Ševala Zildžić-Iblizović was a brilliant student and during her studies she held tutorials. She resolutely declined the attractive position of a teaching assistant and returned to her home city with the degree in medicine in 1931 to be at service of and treat her fellow female citizens and children.
A woman who broke established stereotypes
With such an attitude and results on the road of acquiring knowledge she broke stereotypes rooted in these regions for centuries, that the woman should not and cannot be highly educated and that she cannot hold public and responsible positions. She and her parents were a great encouragement and support for all the others who wanted but did not dare properly educate their daughters. Indeed, we must by no means forget the disastrous and shameful statistics of BiH population from 1910, which at the same time illustrates that women in general were the category of population with the highest percentage of illiteracy. Having in mind such a context, the act of the Zildžić family to send their daughter to school was a truly revolutionary and important moment on the road to the exercise of basic human and religious rights, which were quite unnaturally denied to women in these regions over a long period.

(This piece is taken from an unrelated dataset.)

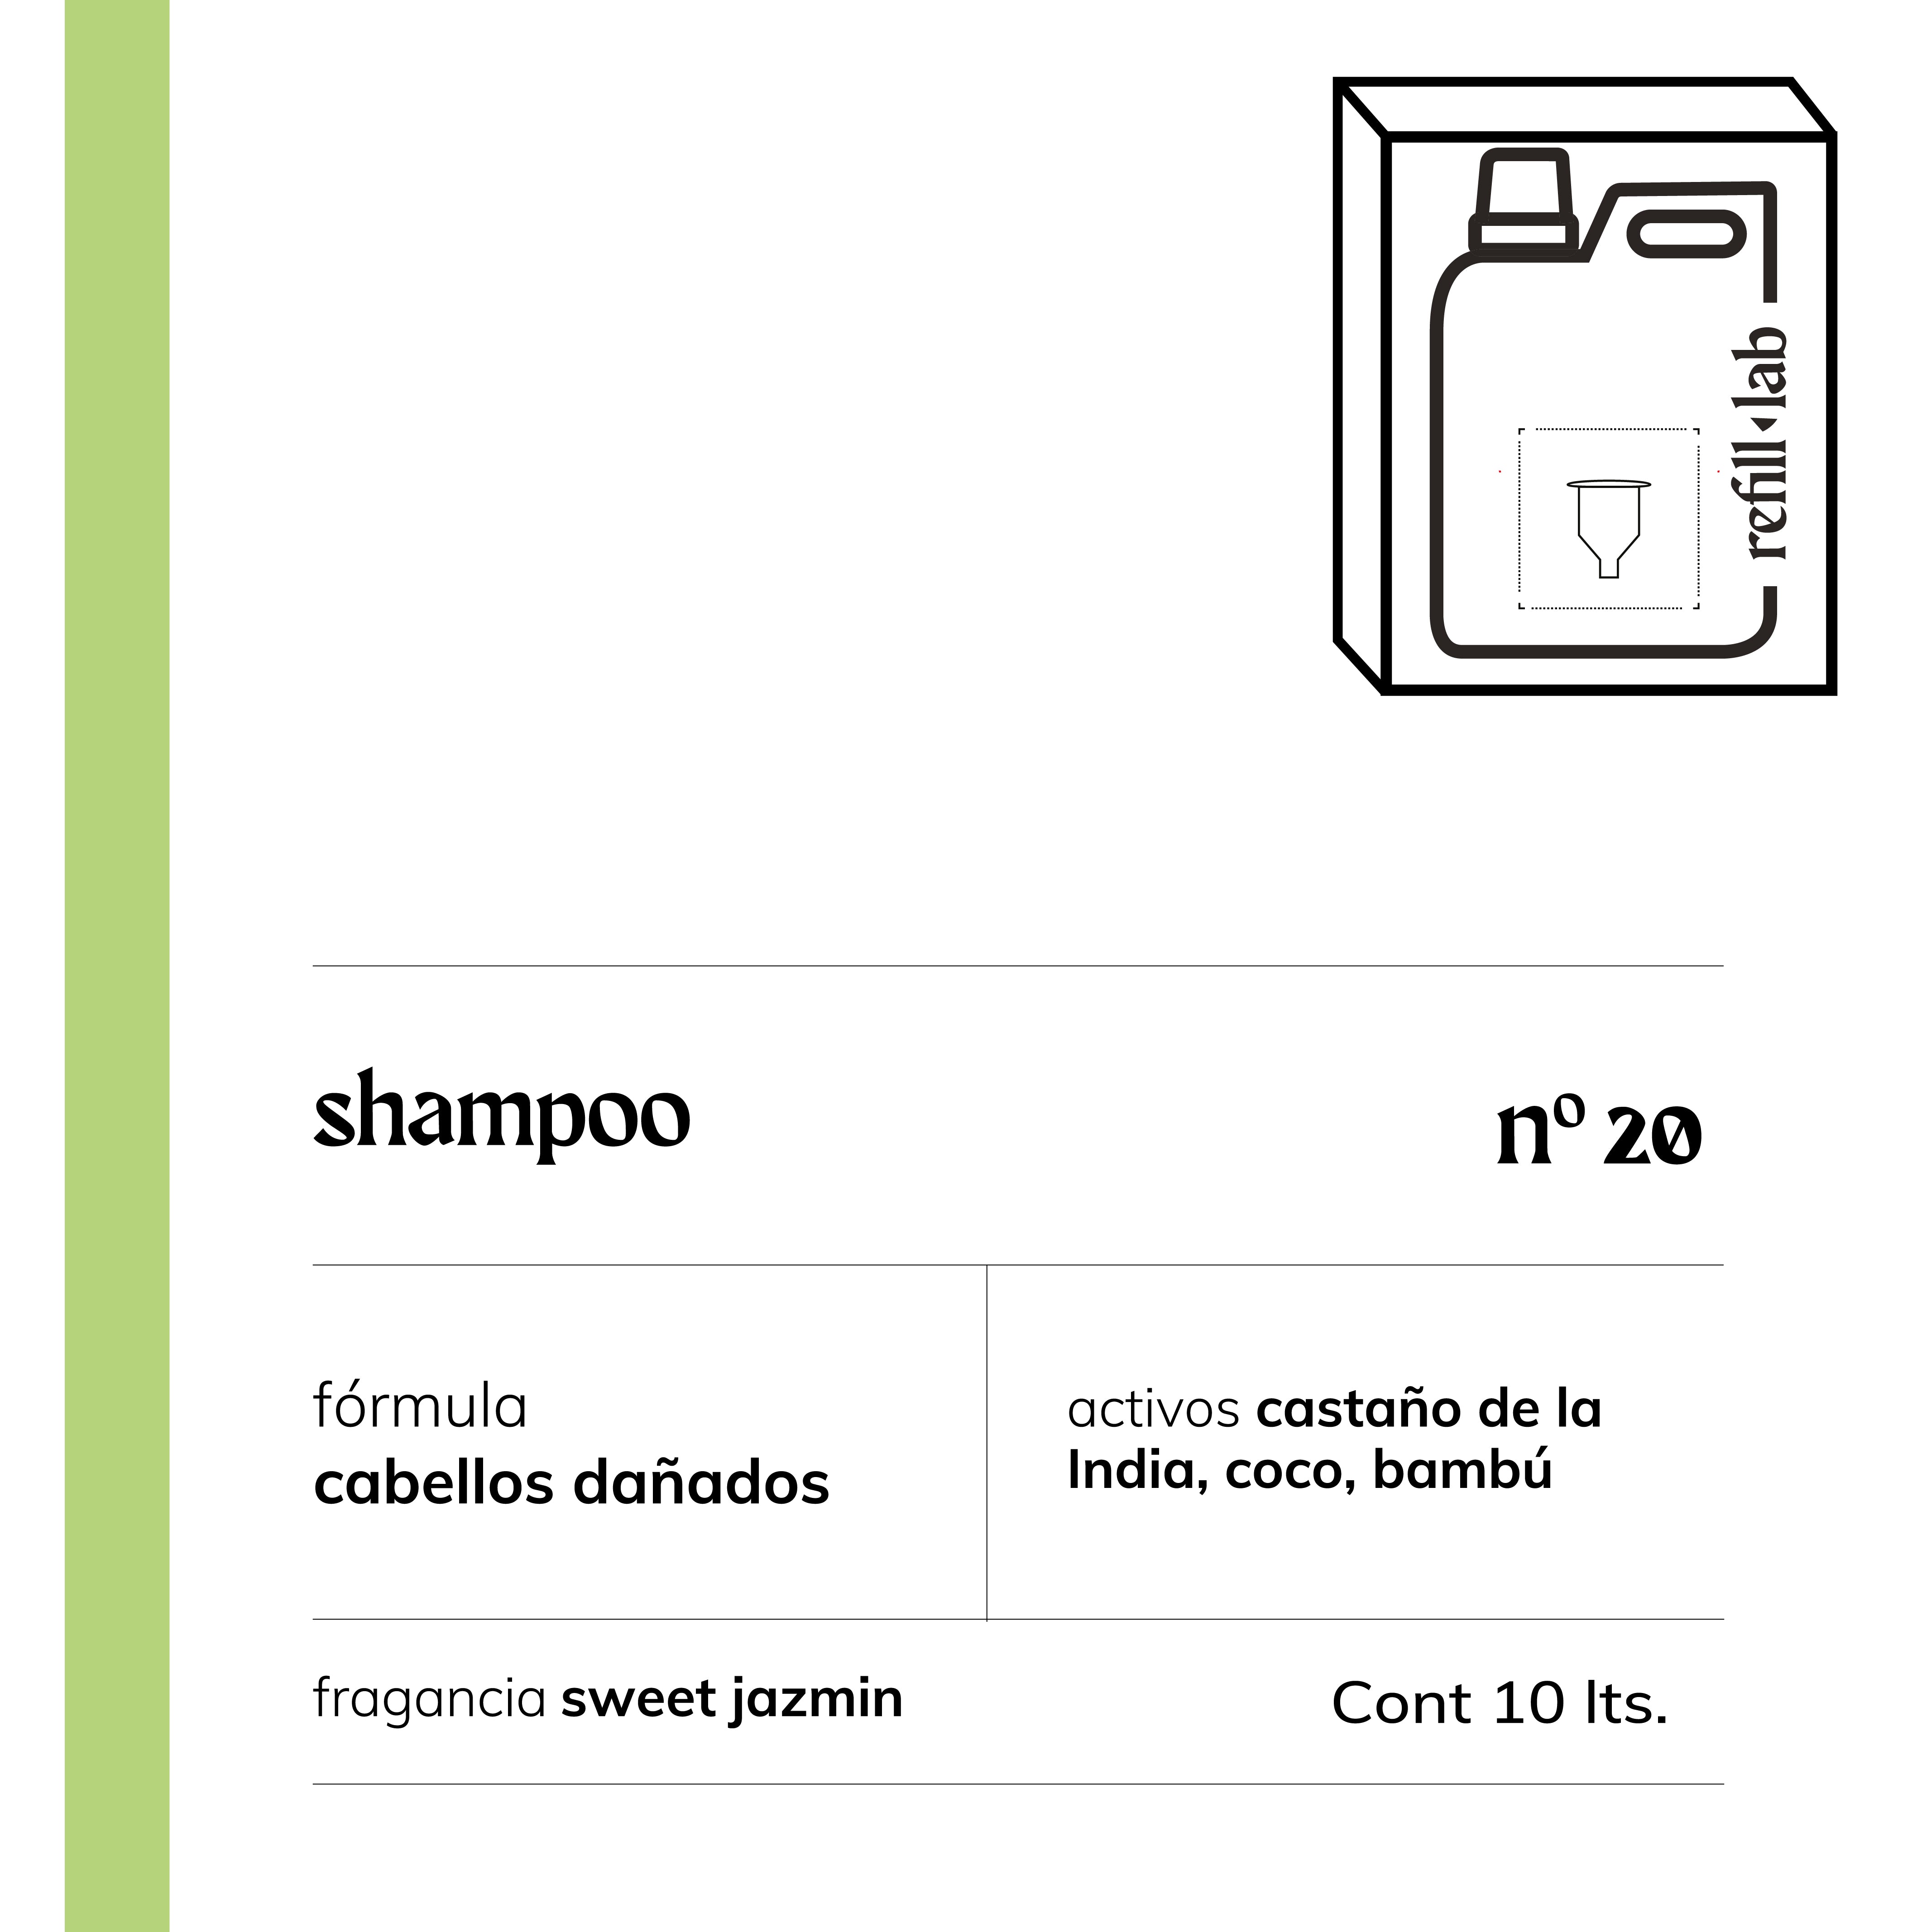 Shampoo sin sulfatos - Cabellos Dañados/Teñidos - Sweet Jazmin - 10 lts.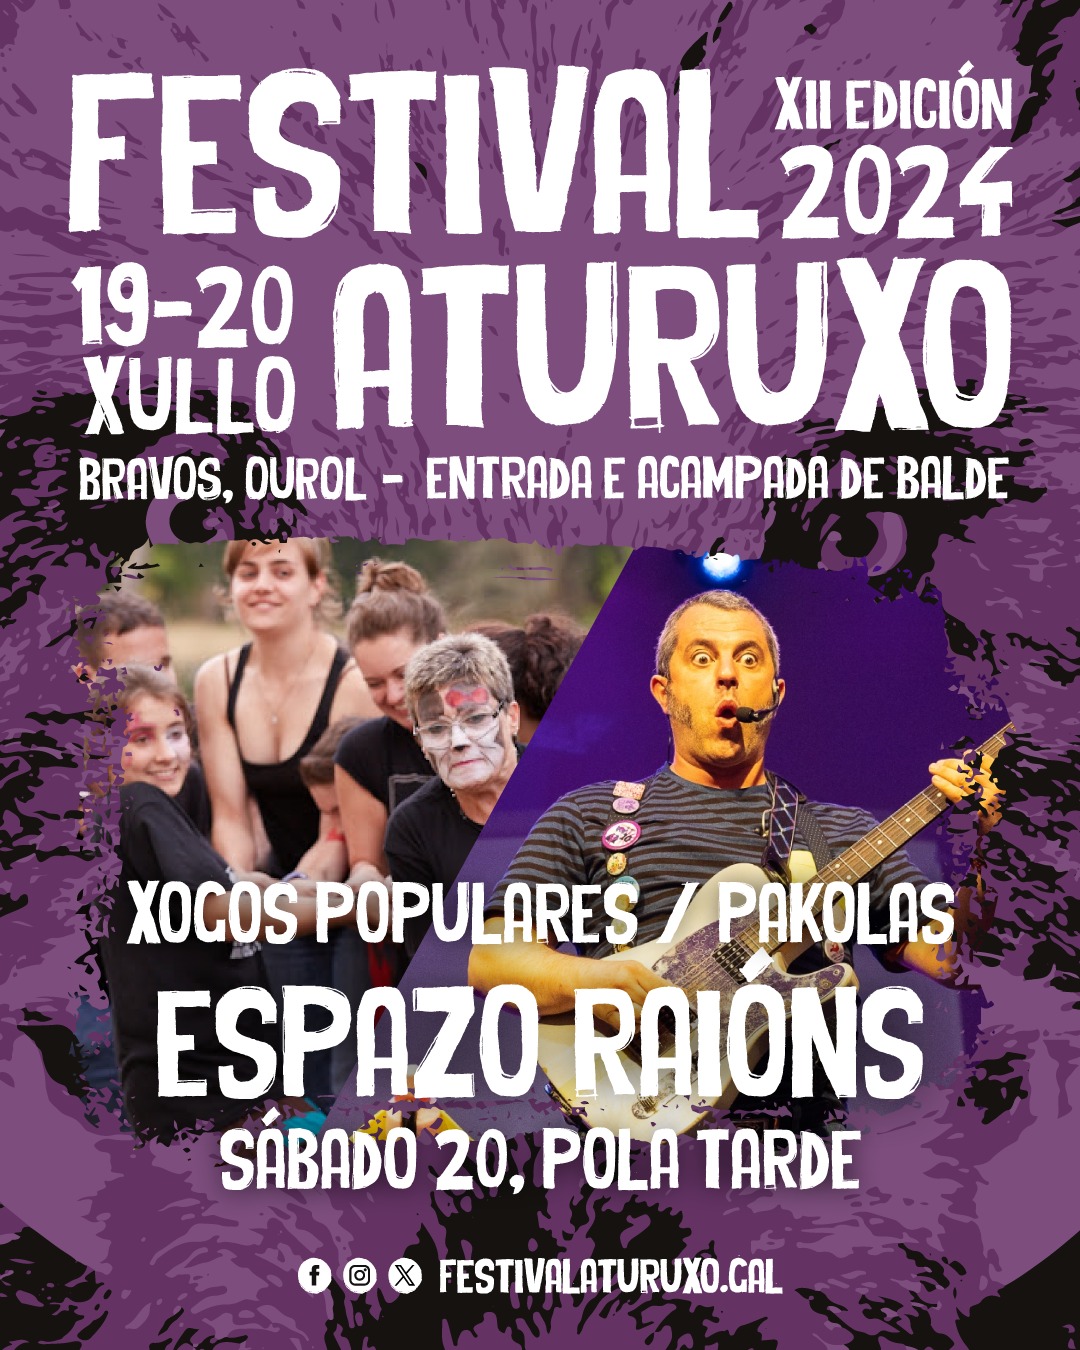 Nova zona: Espazo Raións - Festival Aturuxo 2024 - XII Edición

Permission for schooling was granted by raisu-l-ulama Džemaludin Čaušević
On the road of achieving her sublime goal of acquiring knowledge, and the desire to stay true to her religious heritage, Ševala Zildžić tried to use all the means available and acceptable at the time. Probably hoping that she would annul the backward law of the neighborhood in this way, Ševala Zildžić personally went to see the supreme head of the Islamic Community aiming to obtain his written permission for her, as a girl, to enroll in the former all boys’ high school.
Having completed high school and faculty of medicine in Zagreb and having then returned to Bosnia, Ševala was the encouragement to many Sarajevo families who began to send their daughters to primary and secondary schools with less fear and concern.
History remembers courageous and proactive individuals, men and women, whose foresight paved the way for later generations. Ševala Zildžić and her family are part of the history. And as it often happens, particularly in the context of the issue of positioning the place and role of the woman, almost no relevant data on personalities that we should be proud of can be found on the pages of important historical readers or encyclopedias. To have a woman as a doctor of medicine in the first half of the 20th century was a true jewel.
In Sarajevo, one street was named after her after the aggression. She was a woman - “institution”. Some recent studies and activities of non-governmental sector slowly but surely remove the dust of oblivion from personalities such as dr. Ševala Zildžić-Iblizović, the first female doctor of medicine, a Muslim, in BiH, a great humanist, builder of peace and coexistence. Besides care for the health of her students and fellow citizens, she was actively involved in raising awareness of healthcare.
On the occasion of the hundredth anniversary of her birth, BH Pošte designed a stamp with her picture. Doctor Ševala, as Sarajevo women called her, spent her whole life in Sarajevo and finished her career as a specialist in gynecology and pediatrics at the school clinic in Sarajevo in 1962. She died in Sarajevo in 1978. Her janazah (funeral prayer) was prayed at Gazi Husrev-beg Mosque and she was buried at the Bare cemetery. It was one of janazahs that Sarajevo still remembers. And janazahs themselves speak of the deceased.